Deliver Us The Moon shows promise, up until it suddenly stops

There was a time where any sort of post-apocalyptic fiction seemed to be just that — fiction. But with each passing day and the progressively worsening conditions both environmentally and socially, it’s become harder to read such works as fiction. If anything, they sometimes feel a glimpse at what’s to come, a possible best case scenario should everything fall apart and we somehow survive whatever disaster will befall us.

Stuff like Deliver Us The Moon: Fortuna in particular, a game whose premise is based around the very real threat of climate change, is the kind of work that reignites those constant, latent worries about the state of our planet.

The premise goes that, as Earth began to worsen due to climate change and the general effects of mining it dry of resources (thanks, capitalism), a new element called Helium 3 was discovered on the moon. This new element was capable of solving the energy crisis back on Earth, and so the World Space Agency was formed with the objective of colonizing the moon to mine it for Helium 3 to power Earth. To do this, the ASW sets up a massive relay system to beam the energy directly to Earth. After many years of operation, however, the system suddenly goes dark, and no one knows why. That’s where you come in. Several years after the blackout, an astronaut referred only as “Fortuna” is sent to the moon on a mission to find out what happened and whether power can be restored.


It’s a pessimistic outlook, to be sure. That our planet is doomed to be destroyed because of our constant consumption of its resources, and that our only solution is to look to space and repeat our actions on other planets until there’s no more resources to be mined. I recall when I first saw Deliver Us the Moon at E3 a couple years ago, the premise felt like just another work of science fiction; prescient, perhaps, but maybe something we could still avoid. Now, two years later, with constant news stories about the dire state the planet is in and how much worse it’ll be if we don’t take drastic action to stem the effects of global warming soon, it feels like a frustrating reminder of our current predicament and the constant existential terror of what our future holds.

Of course, Deliver Us The Moon uses this primarily as a backdrop. Its story is more interested in the mystery of what happened to everyone on the moon colony than the situation on Earth. That’s not to say it doesn’t do anything with it — it is the catalyst for the entire plot, after all — just that, at least right now, the game doesn’t leverage it to the point of stating a clear thesis on the matter. It feels like it can be read both as a work that believes technology will be what saves us or one that’s critical of the entire premise at this point, given the story remains incomplete.

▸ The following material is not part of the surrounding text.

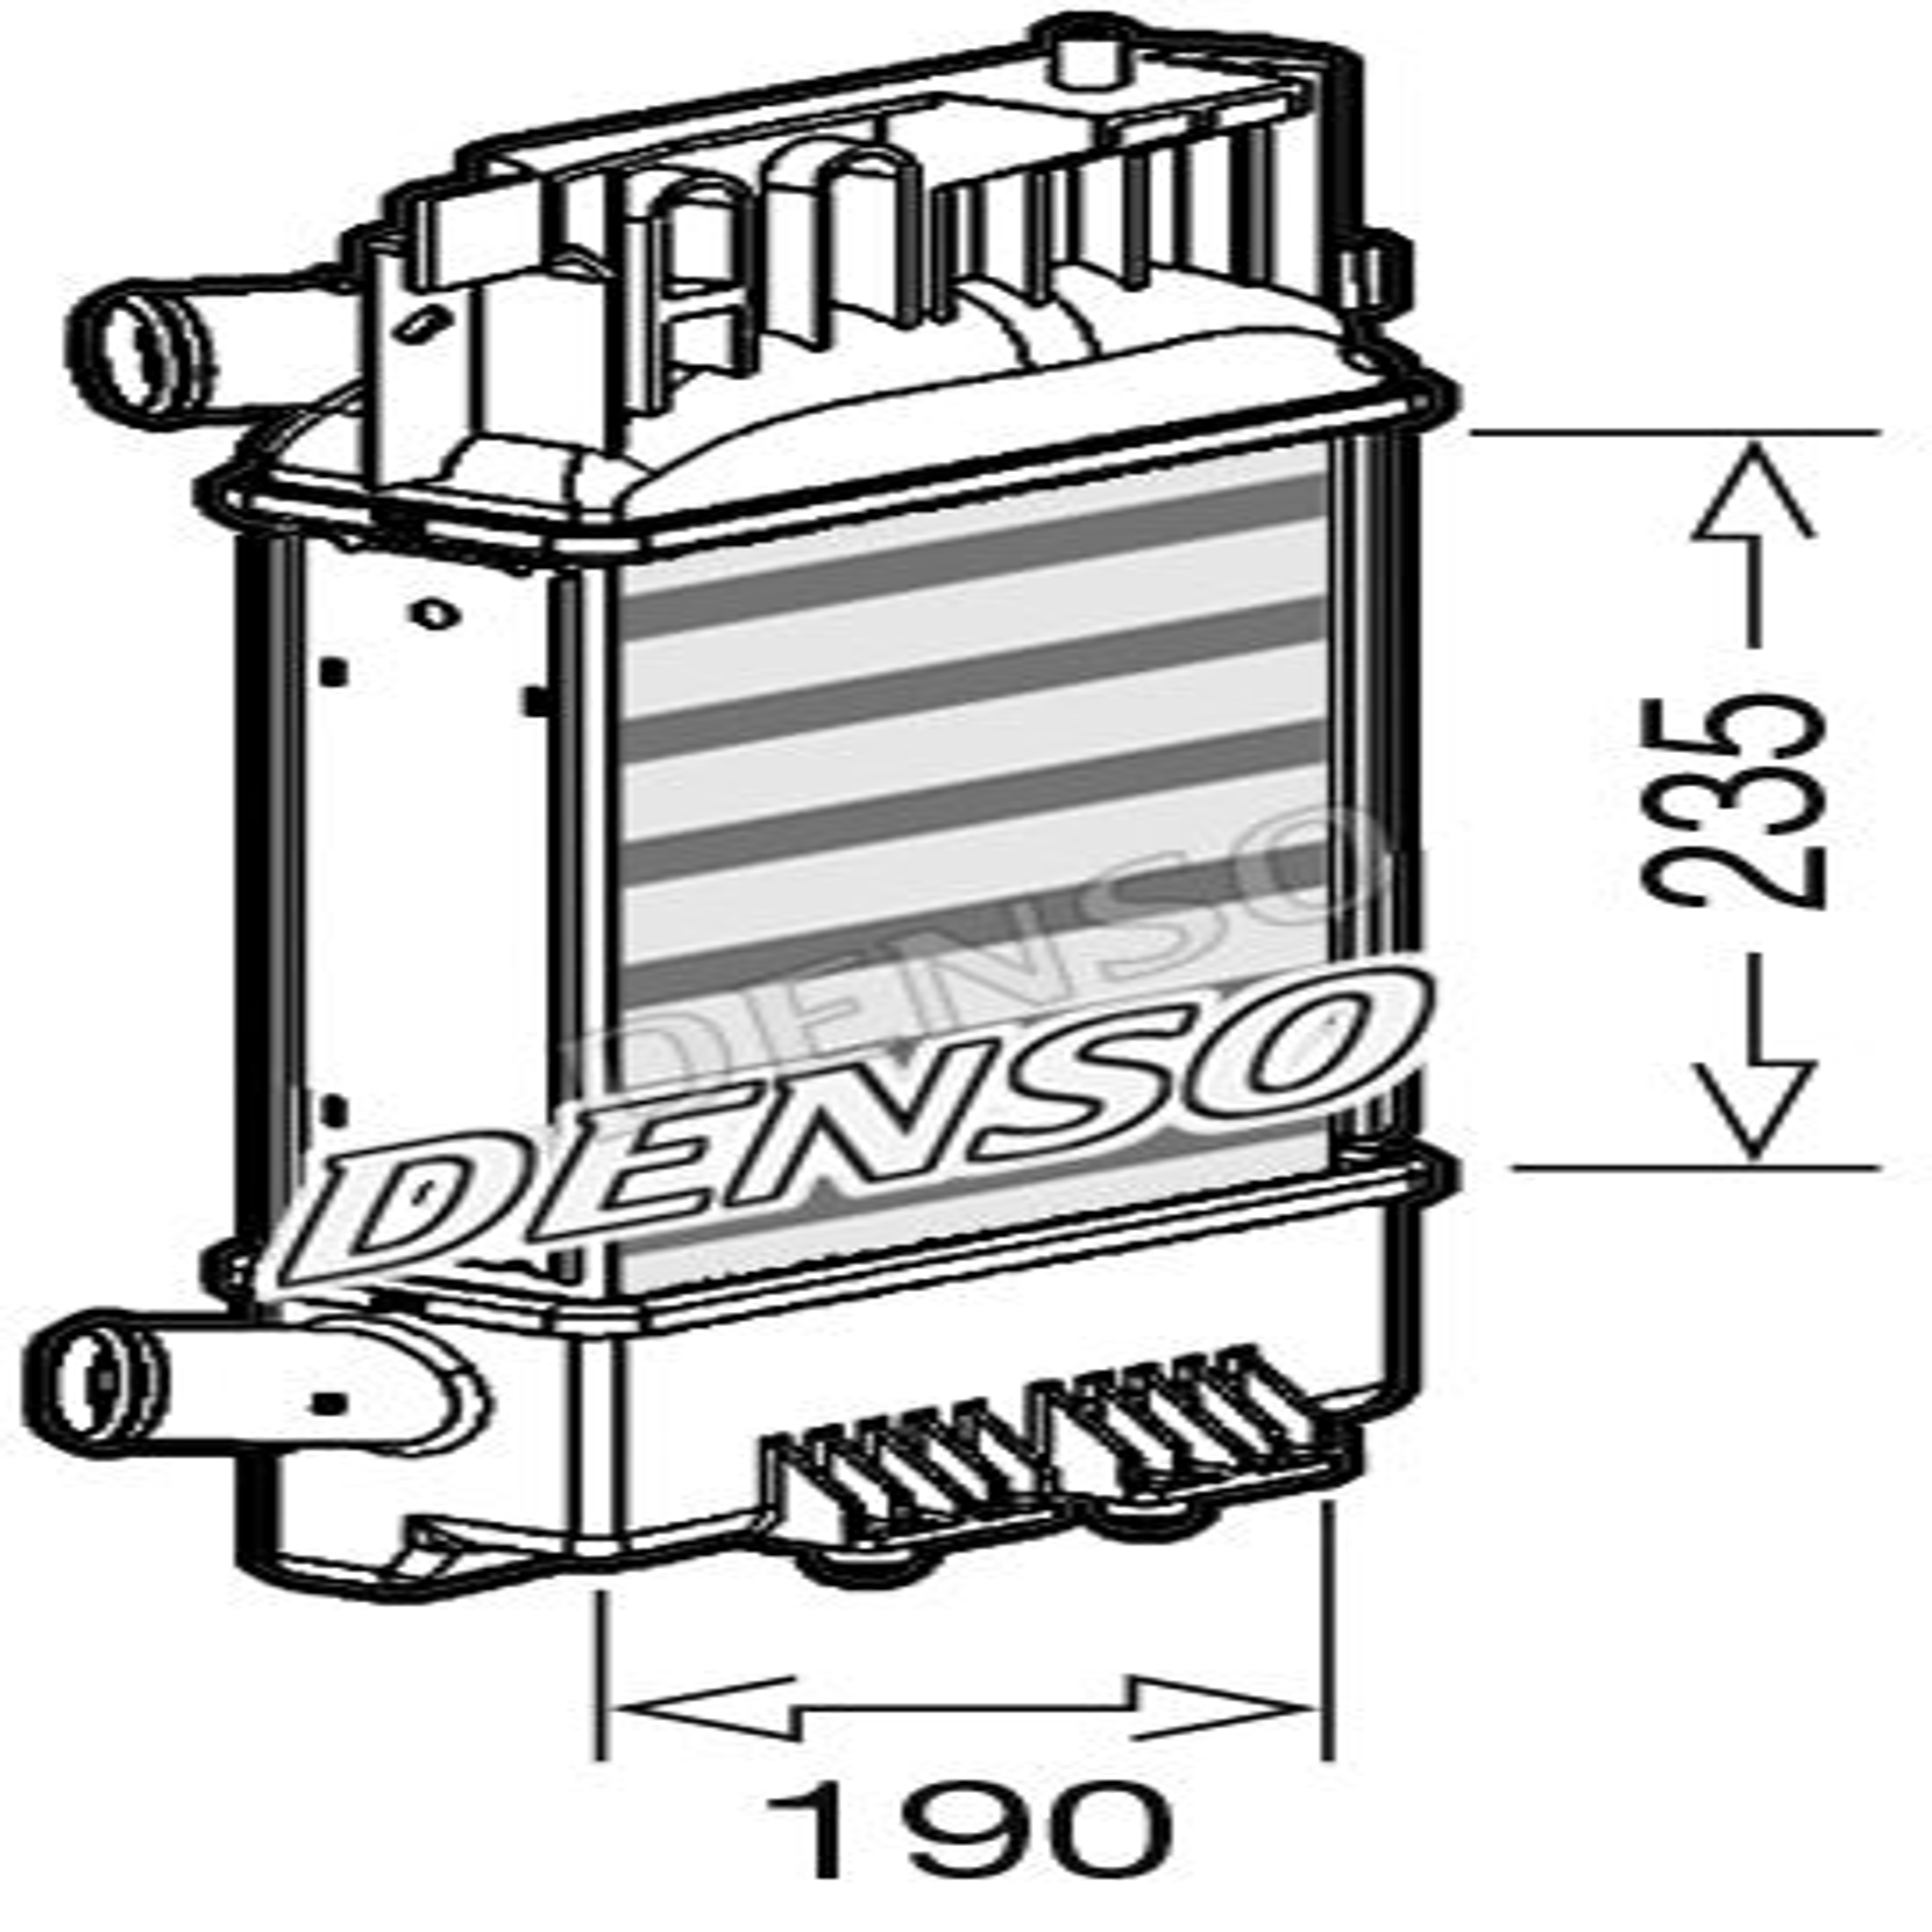 Buy original Exhaust DENSO DOX-0262

Deliver Us The Moon plays similarly to games like Tacoma in that you’re purely walking through spaces piecing together what happened via notes, audio logs, and holographic recordings of events. It’s pretty leisurely paced on the whole, apart from the rare quick-time event, which feel out of place. Most of Deliver Us The Moon is slow and steady, allowing you to wander around and take your time exploring your surroundings. It does occasionally press you to move quickly when moving through sections of the station that don’t have life support powered on, or while walking across the surface of the moon itself, by giving you a very limited supply of oxygen, but these segments feel thematically consistent with the rest of the game. The quick-time events always come out of nowhere, and provide little time to respond to the on-screen prompts. Every time I encountered them, I thought I was just watching a cutscene until the button prompts appeared, at which point I often noticed them too late. They feel like an unnecessary addition.

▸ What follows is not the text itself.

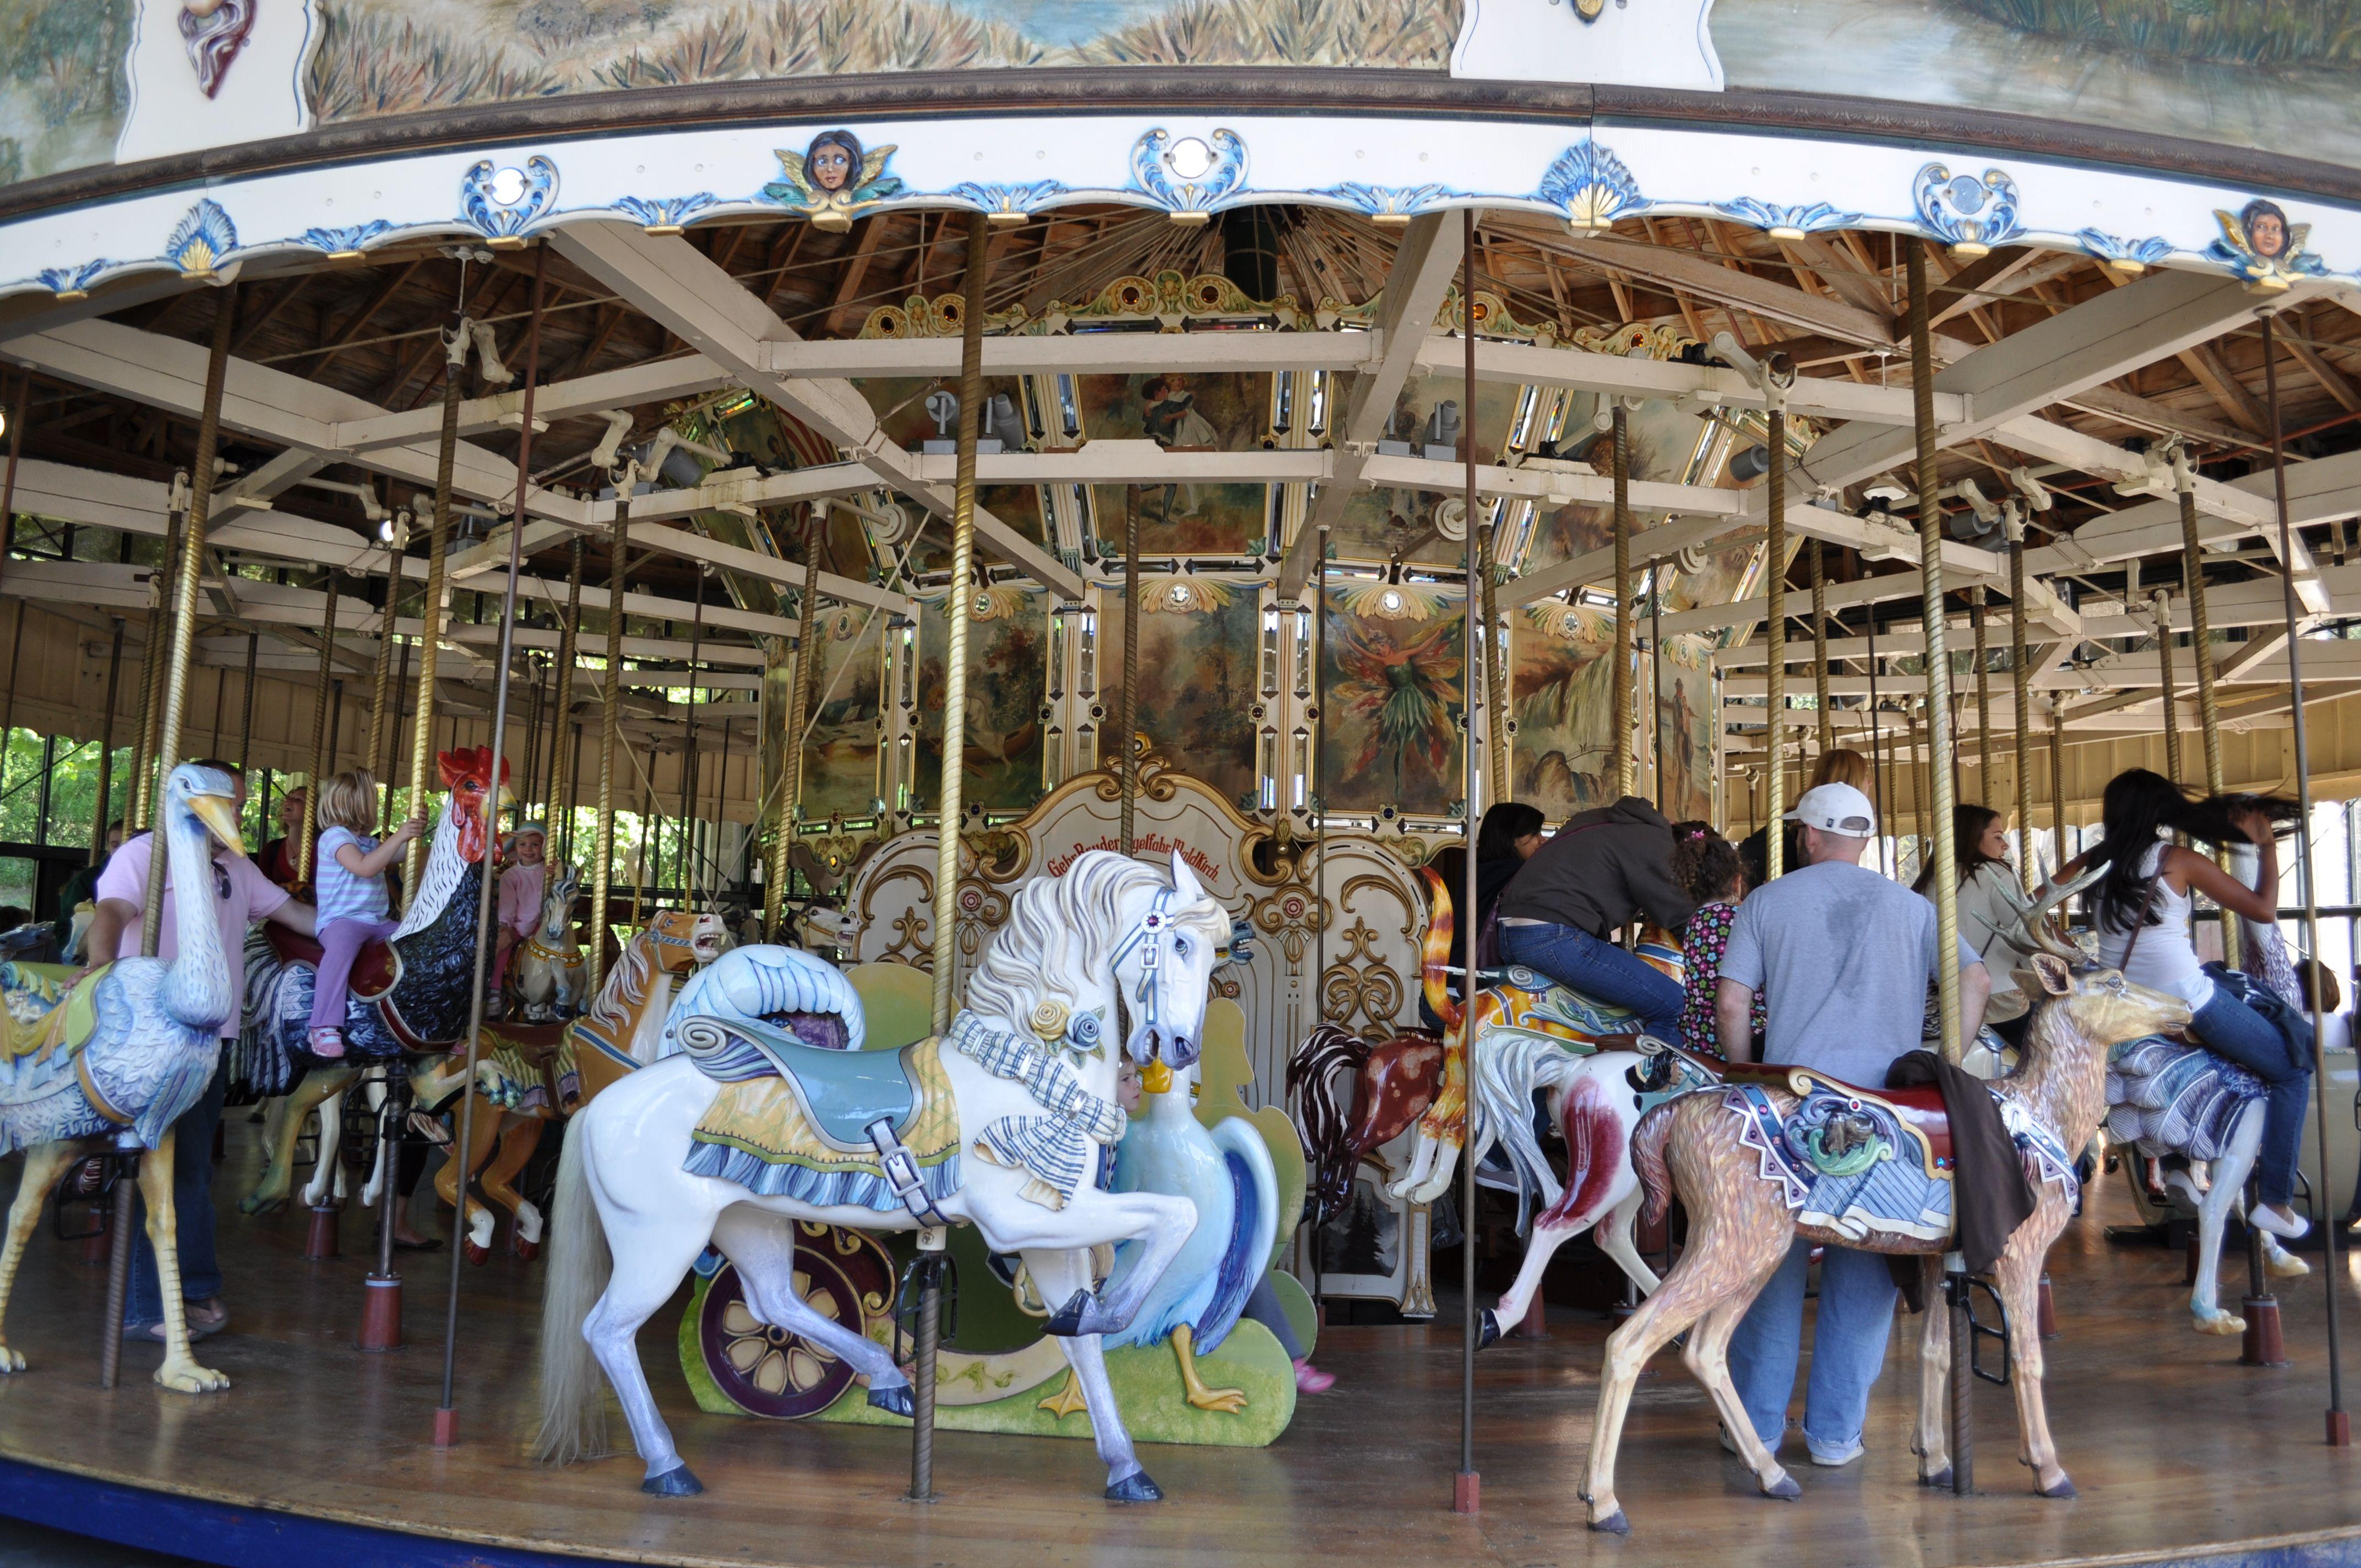 Carousel at Golden Gate Park in San

The game is at its best during exploration. As you wander around, you learn bits and pieces about the crew, which provides some clues as to what was going on leading up to and during the aftermath of the incident, as well as other occurrences that have taken place over the years that may or may not have any bearing on why the station went silent. Your investigation largely follows the footsteps of a couple previous workers assigned to the station directly above the moon and their findings in the immediacy of the colony going dark. Seeing the events unfold both through the perspective of the people during the actual incident and the first responders afterwards provides a nice contrast, if only to see how your own conclusions differ from those of the characters investigating and the actual events as they become clear.

Upon arriving, it’s revealed that everyone’s vanished. Unsurprising given no one was able to establish contact at all; but then, where did they go? The answer reveals itself soon enough, but they only raise more questions. That’s largely because the game abruptly ends just as its story begins to hit its stride, just as it looks like answers might be within reach. It’s frustrating, because it happens so suddenly, and at a point where it doesn’t really feel like a satisfying cliffhanger, either. A message from the developers promises that the story will continue via a free update, however, which is good to know, but it’s still disappointing to see it end on such a sudden and unsatisfying note right now.

As such, it’s hard to say where Deliver Us The Moon stands on its premise yet — whether it really believes Earth is beyond saving and that our salvation lies in the stars or whether it’s critical of the idea that technology will save us. The current material sets up a lot of potential story threads that could easily lead it either way, making it difficult to determine where it falls. I’m curious to find out, though.